===== DATA IN THIS EXERCISE =====
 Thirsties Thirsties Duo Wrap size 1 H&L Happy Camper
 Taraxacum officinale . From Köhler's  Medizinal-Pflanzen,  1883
=====
===== DATA IN THIS EXERCISE =====
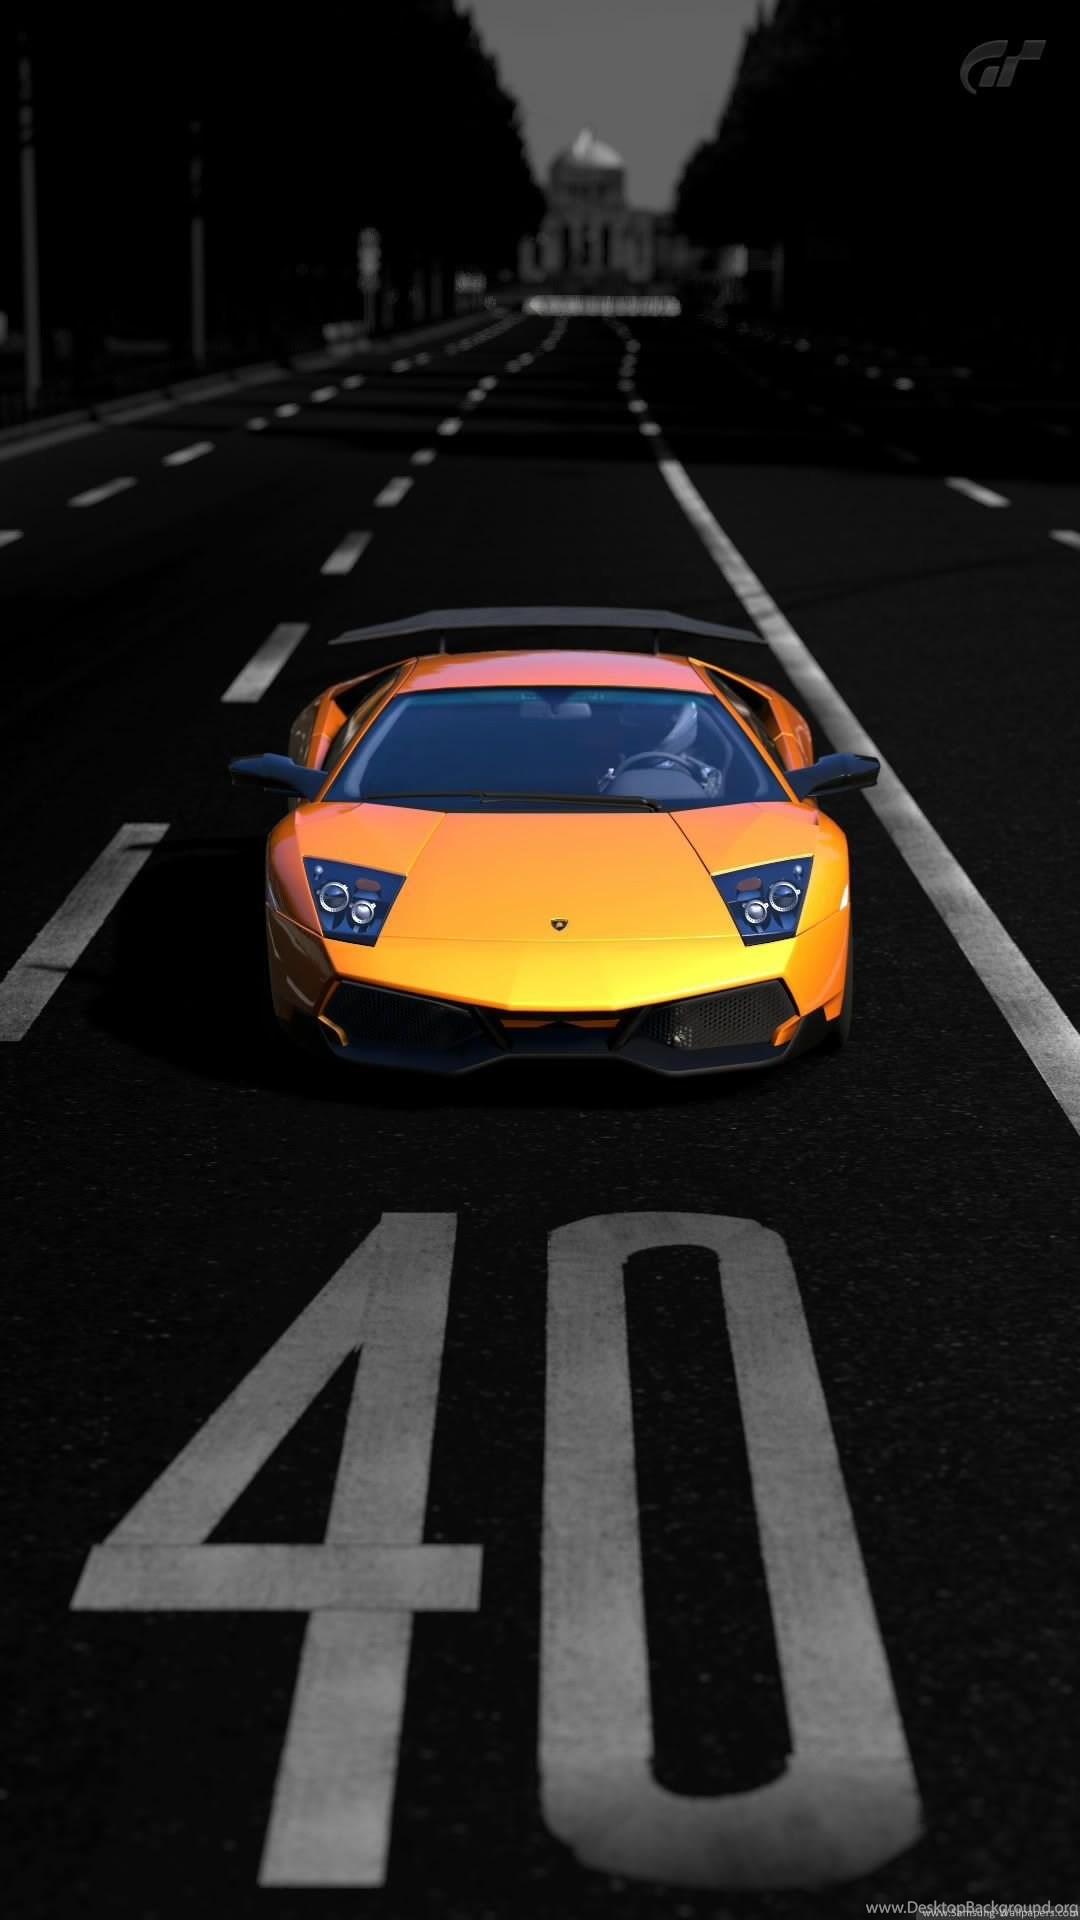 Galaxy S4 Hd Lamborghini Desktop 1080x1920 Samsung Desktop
=====
▶ _ABOUT THIS EXERCISE_
Word for word, restate the lines above from the line containing "Thirsties Thirsties Duo" through the line containing "Taraxacum officinale .", with both included and nothing else.

▶ _SOLUTION TO THE PROBLEM_
 Thirsties Thirsties Duo Wrap size 1 H&L Happy Camper
 Taraxacum officinale . From Köhler's  Medizinal-Pflanzen,  1883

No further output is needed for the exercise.